• _TO DO_:
Once the line containing "Puerto Aventuras, Messico." is reached in the listing below, reproduce it and all later lines through the final one exactly, but omit any pictures.

• _DATASET EXCERPT_:
════════════════

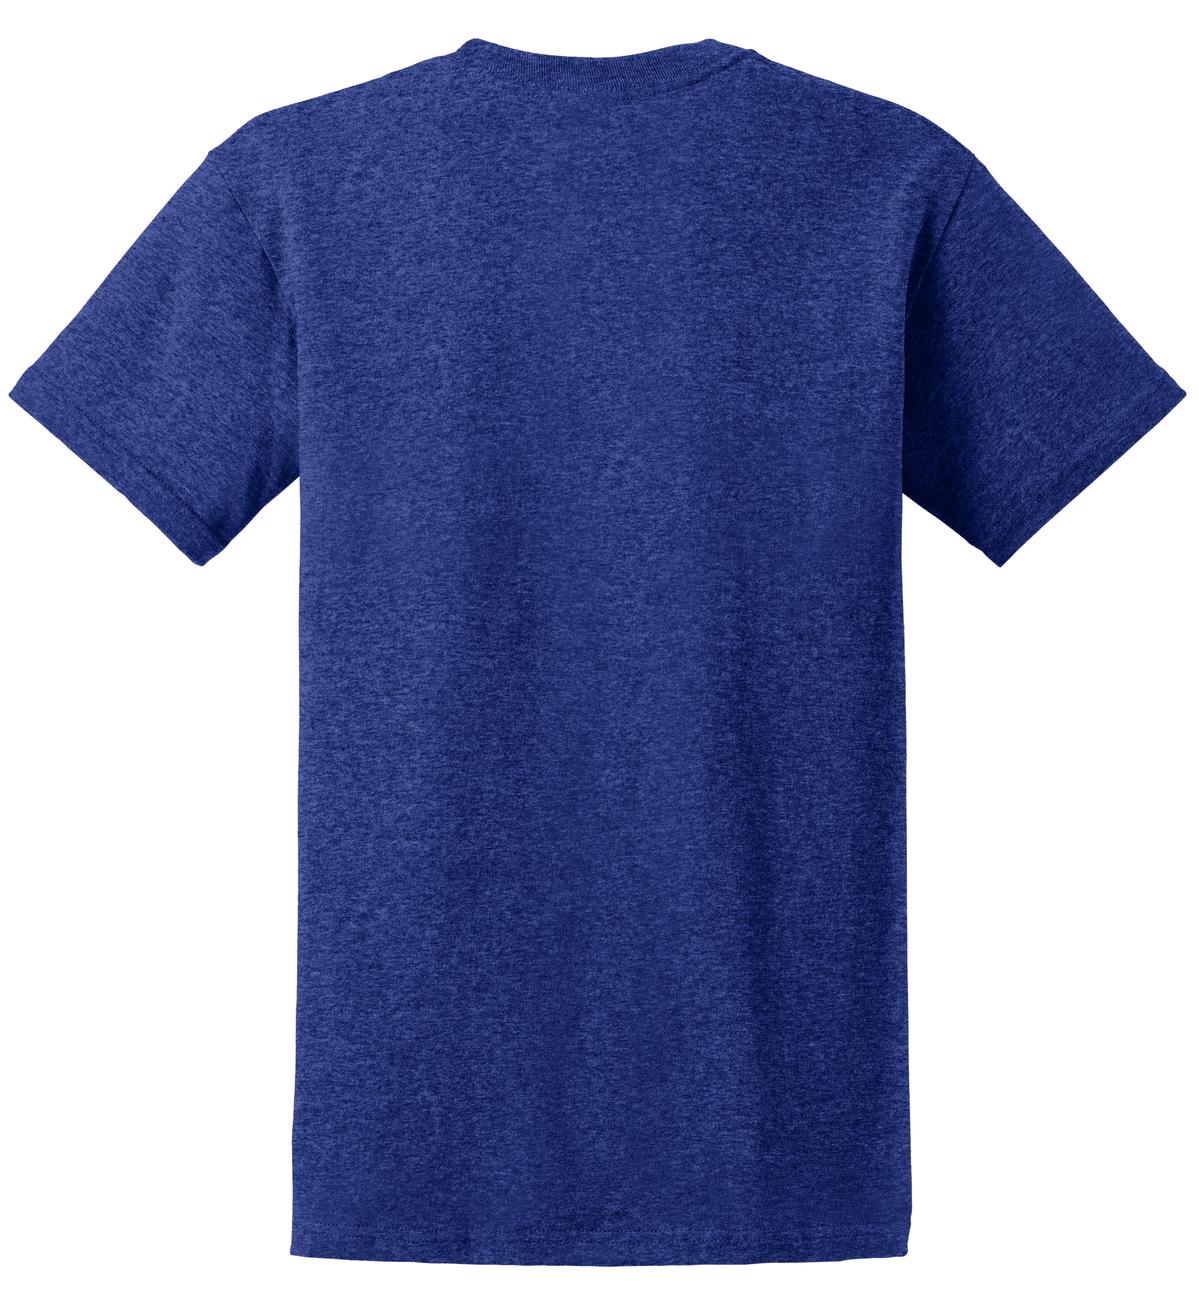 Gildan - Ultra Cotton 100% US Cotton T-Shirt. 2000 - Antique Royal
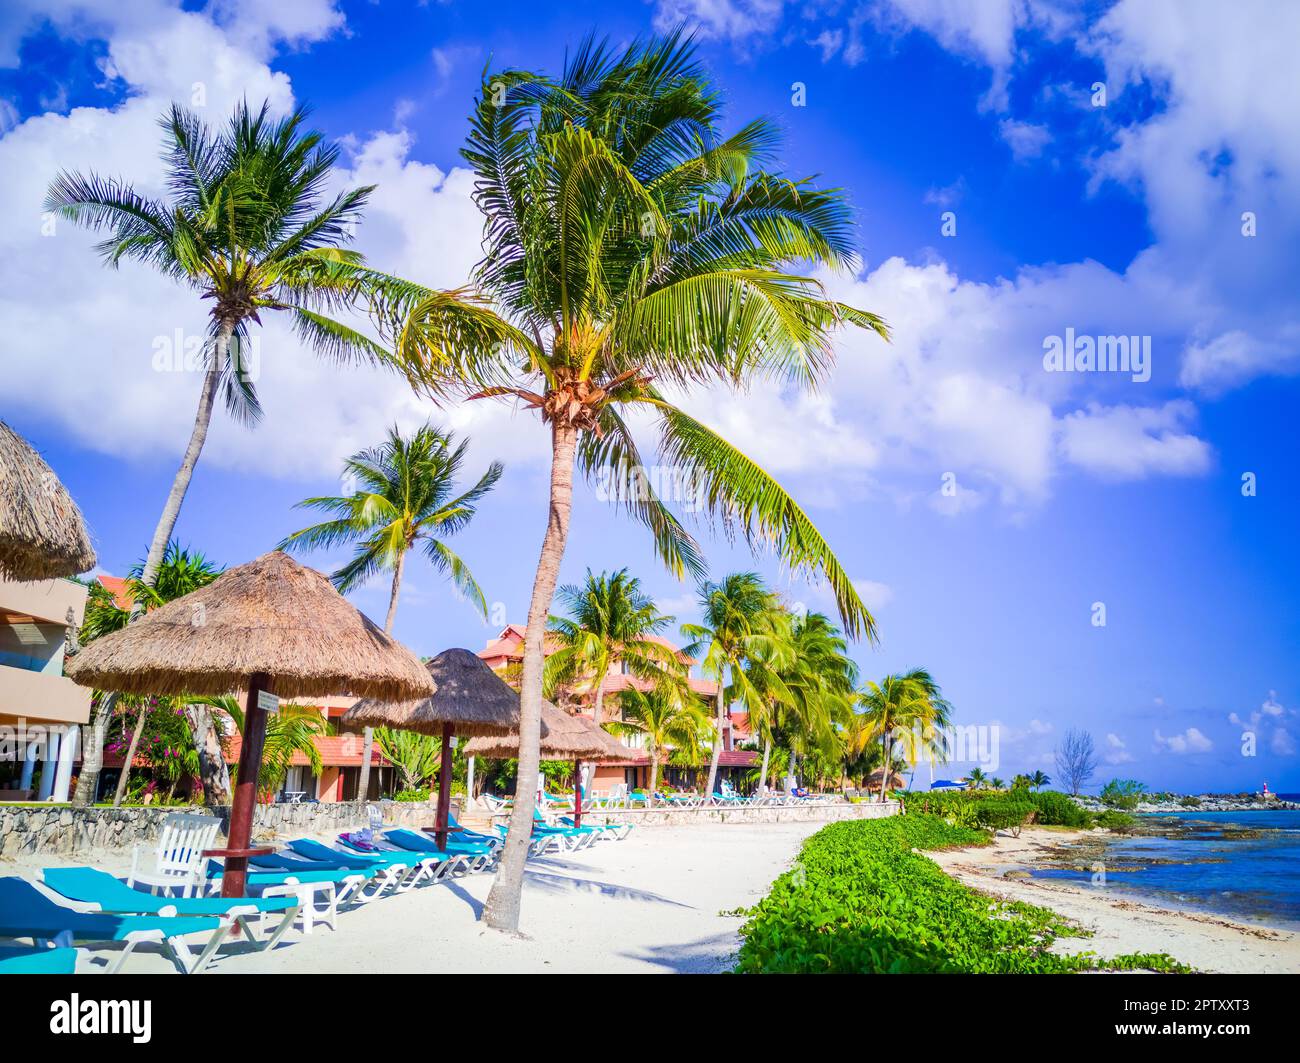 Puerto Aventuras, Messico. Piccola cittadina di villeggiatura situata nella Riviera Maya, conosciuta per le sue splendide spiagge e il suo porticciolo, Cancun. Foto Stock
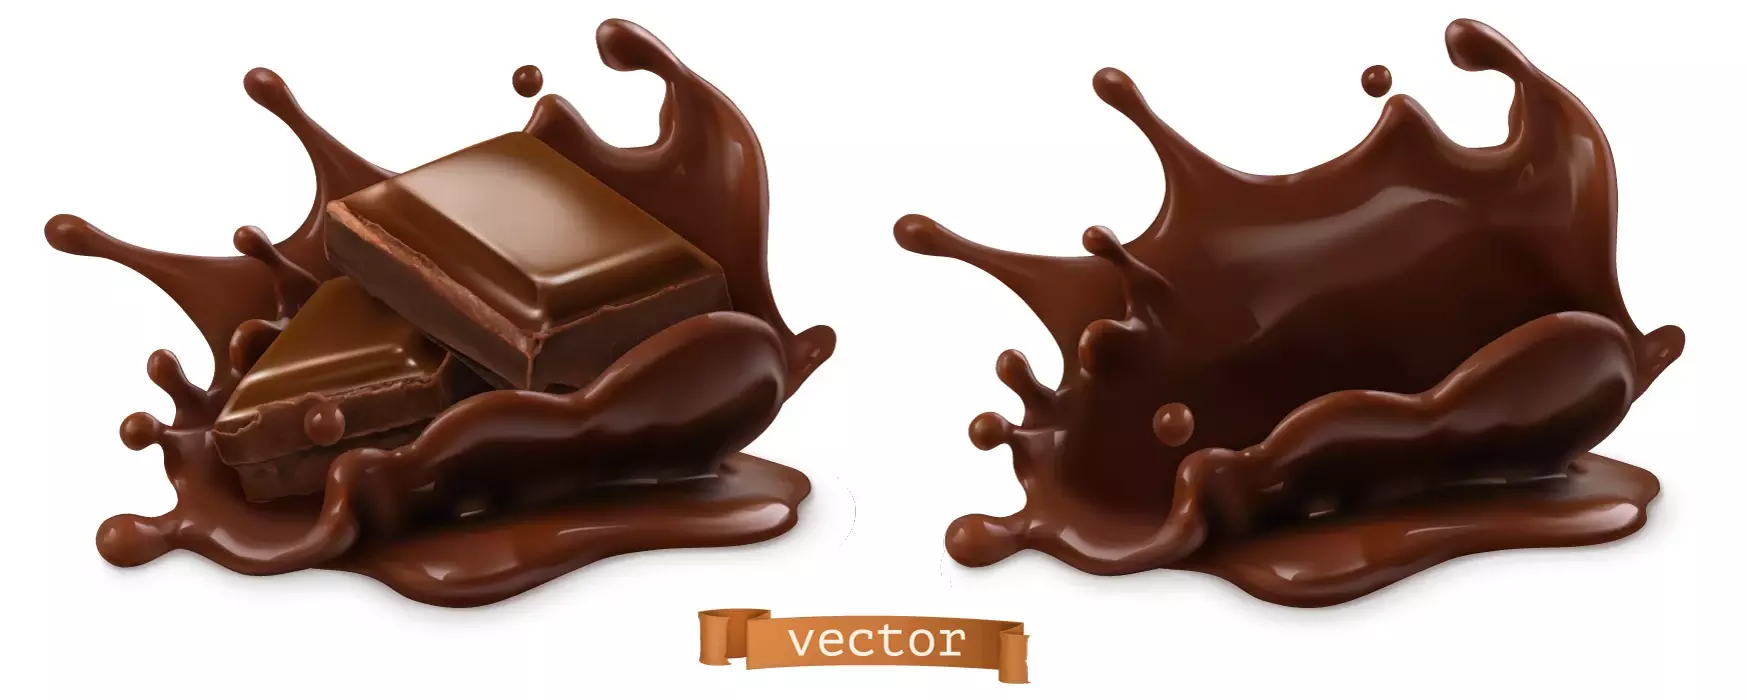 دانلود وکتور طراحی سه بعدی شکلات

════════════════

• _SOLVED PROBLEM_:
 Puerto Aventuras, Messico. Piccola cittadina di villeggiatura situata nella Riviera Maya, conosciuta per le sue splendide spiagge e il suo porticciolo, Cancun. Foto Stock
 دانلود وکتور طراحی سه بعدی شکلات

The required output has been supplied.